The fire in Hollywood is thankfully put out less than 24 hours later.  Had it been first, it might've been worse.  School is cancelled the rest of the week, and I attempt to stay calm in front of the Scoop. Things remain "steady" inasmuch as there are no new major fires and those already going are slowly increasing containment.  All of the family has been in touch looking for info.  The co-workers (all in other parts of the country) lend support.  Some out of state friends have as well, too.  Then again, maybe not: from Bloomington, a financial planner asks me how the new year is treating me and if I'm interested in turning a 401k into a Roth IRA.  Another text, seemingly from Potsy, sends a link to the Santa Anita racetrack being closed.  Hey, thanks for checking in!

Nights don't lead to much sleep, at least not to me.  When the Eaton fire started, I think I slept 1 hour, riding the 3rd rail.  Night 2, with whatever was going with the Hollywood fire, the same, then a little more.  The mind starting to play tricks: do you smell that?  Is that smoke?  Are we OK?  Is that a siren?  Was that her voice?  My heart begins to pound.

Saved for the study of time are the weather forecasts from Sunday the 5th.  Wind speeds are mentioned.  "Possibilities" are mentioned.  The weathermen and women are going through the motions.  Glib might not be the right word, and they're not psychic, but it is an air of "keep an eye on this, you know" and that's it.  That's the forecast, back to you (forced laughs). 

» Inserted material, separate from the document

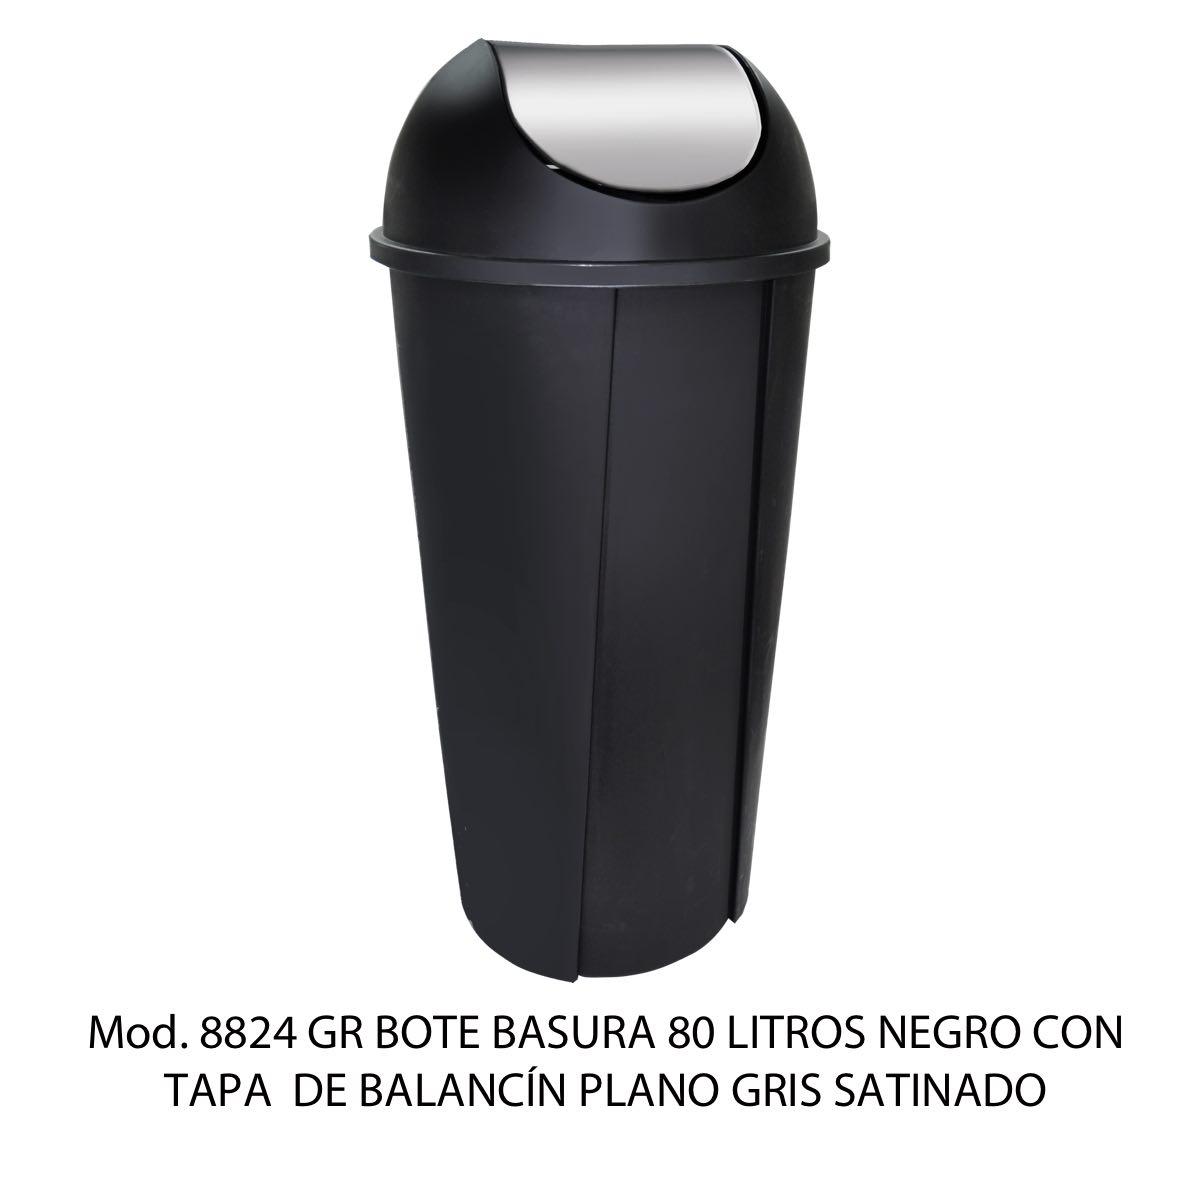 Bote de basura redondo negro de 80 litros con tapa gris satinado tipo balancín liso modelo 8824 GR Sablón

The weekend was normal enough in that they showed NFL playoff games on Sunday while warning of more Santa Ana winds, labeled "typically bad" (not "a wildfire fucks a tornado") for Tuesday & Wednesday.  My next-door neighbor, a native of Burbank and longtime animation director, figures now would be a good time to get dinner on the grill.  In cover of darkness, my other neighbor and I begin freaking the fuck out because everywhere smells of smoke.  The offender's wife texts "oh, he's making dinner."  Our responses of the politest way possible to say "are you a fucking moron?" are not granted a response.

As I type this, at least near me, the crazy winds never showed up this week.  Oh sure, from time to time it smells like the innards of a chimney even though the skies are pretty clear and there's no wind at all.  High humidity the forecast for the weekend, thankfully, until next week, where humidity will seemingly disappear (without the wind, I guess?) and we start all over again.

One of the things we read is that these homes now lost were that family's retirement, that this real estate, on the rise except when it's not, would pay for that family's end times.  Now, they still have that land...but nowhere to go, and the expenses therein.  In an area growing in population and not much inventory, the problem is only worse.  But bring it back - the home will pay for all of that in the future.  Now maybe you live somewhere that is of some interest to others, so that your home, even if it could be a teardown, will hold such strong value it'll be the big score.  Maybe it's someone's 10th choice in town, but a house all the same.  Over time, the likelihood of inflation and time passing, you'll make something for those old days, right?       

You need to keep that in mind as the future goes, because it's coming.  It might be wildfires or an earthquake here, an Insane-o hurricane or tropical storm in the south and east, a spaceship of a tornado in the midwest.  

(Oh, it SNOWED?  What a problem!)

It's coming, and hopefully you can prepare.  Your future, whatever payday you think you'll receive because you added a deck, is completely up in the air.  That's what is making the ultimate decision.  Might not be affecting you now, but it'll be the effects that you'll get, and you might or might not notice it.  But it'll come, it's all you can do to get through it, and if there's any comfort, you'll know you're not alone.  You're not alone where you are, and you're not alone because someone, somewhere else is next up.